We are all knowledge workers now

Dr Robbie Smyth is the Deputy Head of the Journalism and Media Communications Faculty at Griffith College Dublin.

Even if it is pre-emptive to describe the current phase of economic disruption as a fourth industrial revolution as heralded by the World Economic Forum’s Klaus Schwab in 2016, there can be no doubt that the fundamentals of how we work are changing and that how we prepare students for a professional career outside of college must be cognisant of that.

An ever evolving process

Across the media faculty in Griffith College we have for over 20 years sought to surf the waves of change. Our reel to reel radio editing equipment gave way to mini discs and then a range of digital online recording and production tools emerged so that the first edits can now be done on a smart phone. 

Similar changes have happened in film and photography, while the ways we use words in articles in print, online, in tweets and hashtags is an ever evolving process.

While our industry was one of the first to be massively disrupted, the power unleashed by that fourth industrial revolution is all encompassing and every sector has had to accommodate change. 

The third level sector was, I believe, well prepared in one way for the social, economic and technological change of the last half century. 

This is shown in the growth of new programmes and the steady increase in degree level qualifications for a wider variety of disciplines. Higher Education Authority figures released in January registered a record number of third level students in Ireland. There were 231,720 students registered in Irish colleges. We have been successful in attracting students, but the next steps in creating the right learning environment are more complex.

Virtual learning environments

No matter the field of study or the discipline level we have learners in classes where they have often have a laptop, tablet or phone in lectures. They have access to virtual learning environments like Moodle or Blackboard, that link to class notes, readings and online journals.
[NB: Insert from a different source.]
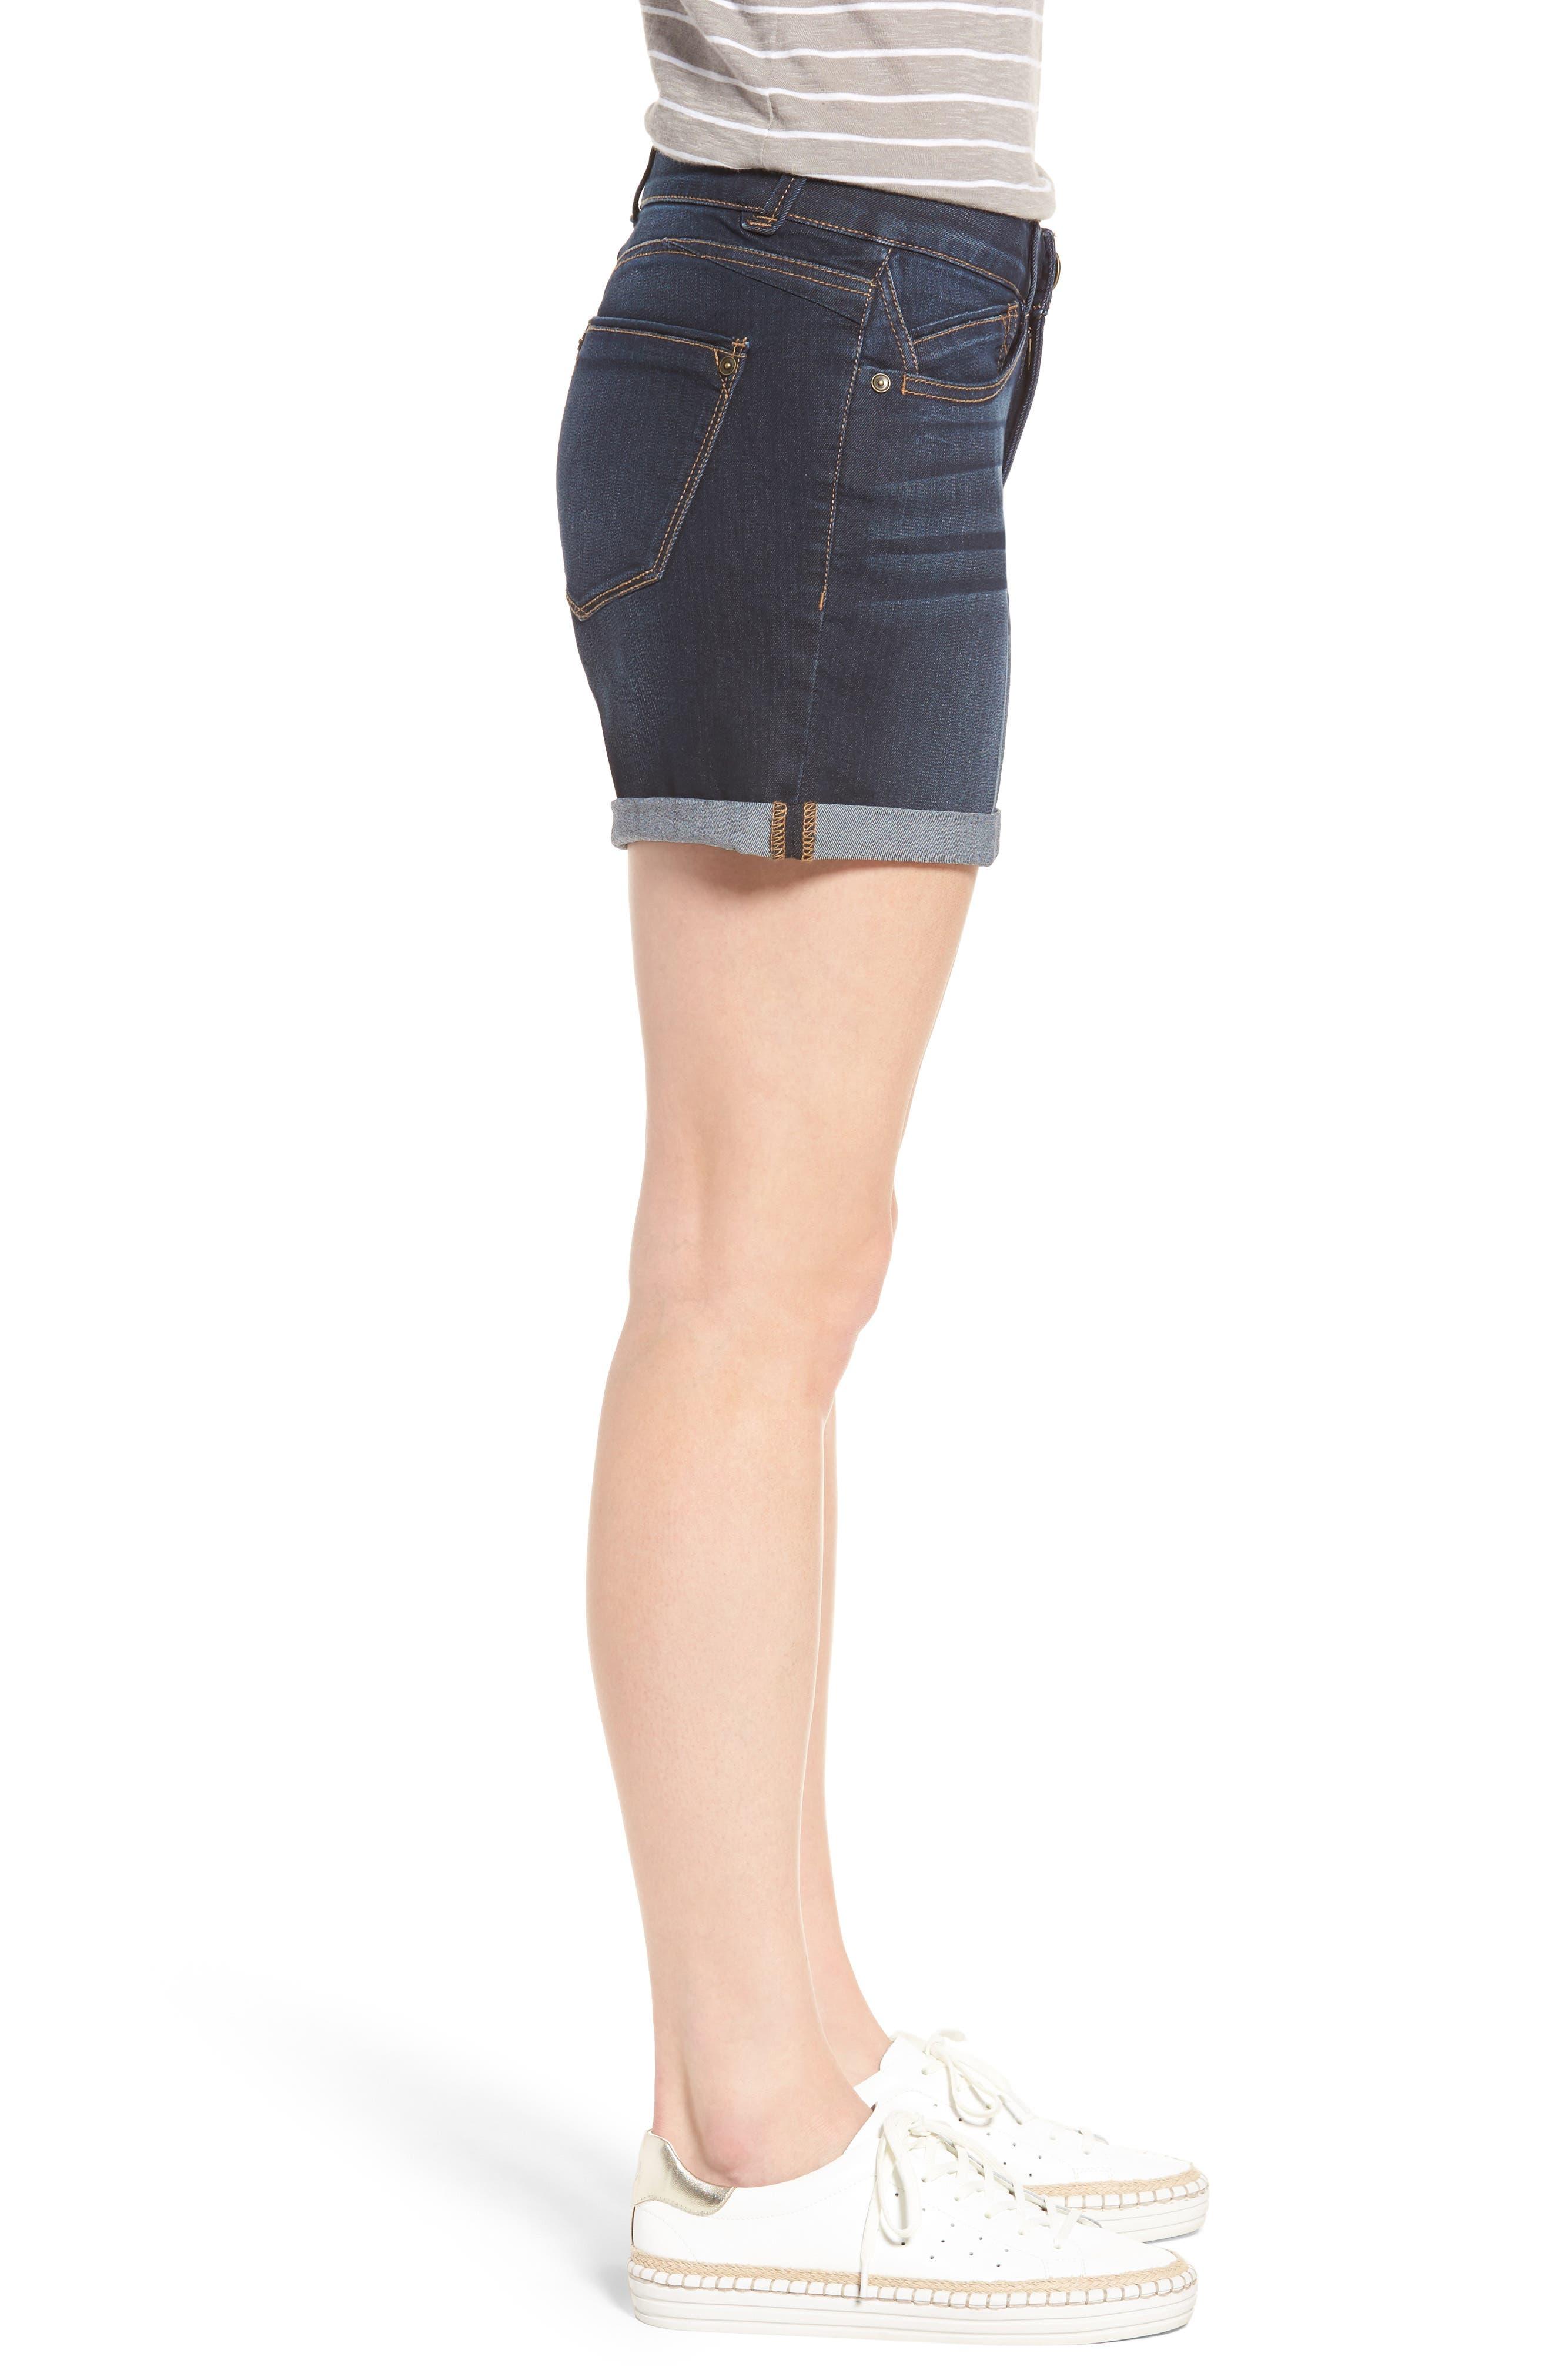 Ab-solution Cuffed Denim Shorts,                             Alternate thumbnail 3, color,                             402

When you add the almost unlimited power of the internet to service research needs of students it would seem all the bases are covered. Some students have blended learning options also.

In Griffith College, our recent programmatic reviews, which involve consultation with industry and alumni, have shown the need for very specific general skills on top of the discipline related knowledge students acquire as they progress through a programme.

Reading as a skill

To expand on this let me explain from a personal example. With hindsight there were key elements that featured during my third level undergraduate experience as an arts student in University College Dublin. They defined my future career. Only two of these were directly related to the tuition provided and even here there was an element of chance.

A part time job in the library stacking books forced me for an hour a day to actually be present with the key texts for acquiring knowledge. Stacking journals day after day and reading the abstracts was an invaluable skill. I was learning how to focus my attention. 

This is a key skill of the busy distracting workplace, not to mention the absorbed digital lives we live. We could all benefit from a master class on this from Nir Eyal. We have rethought our study and academic skills modules in Griffith but this attention issue is becoming more critical.

Knowledge worker

Being put in front of a computer in both economics and political science in the mid 1980s was the defining point of my time in UCD. In the programmes we run at Griffith, I and my faculty colleagues have always endeavoured to ensure the latest relevant technology is front and centre for learners. 

The last two years it has been mobile journalism, the so called MoJo.

Learning various aspects and approaches to data analysis in economics, politics, philosophy and psychology became a critical skill. Peter Drucker was so right when he predicted the emergence of the knowledge worker in 1966. 

We are all knowledge workers now and the ability to gather, assess and interpret the data of your work is critical.

Simple communication skills

Finally two related skills that are so important today and were the common element in all our industry feedback. It was presentation and interview skills. 

My second part time college job was a two hour stint in the university restaurant. Every day I had to interact with demanding chefs, their support staff and over the years take the food orders and related queries of thousands of hungry students, as well as a few tricky lecturers, professors and deans too! 

Little did I know that simple communication skills would be a critical workplace skill. We have built them into all of our modules, and each semester our students have to present and discuss their work with their peers. There can be no better introduction to the workplace.


The future of work is one where graduates are not just technologically sophisticated and adaptable but can also talk, engage and discuss their discipline-related knowledge and skills with their colleagues and customers. 

To succeed in the future a worker needs the three elements. They are cutting edge technical knowledge of your discipline, sophisticated communication skills and a habit of critical analytical focussed attention.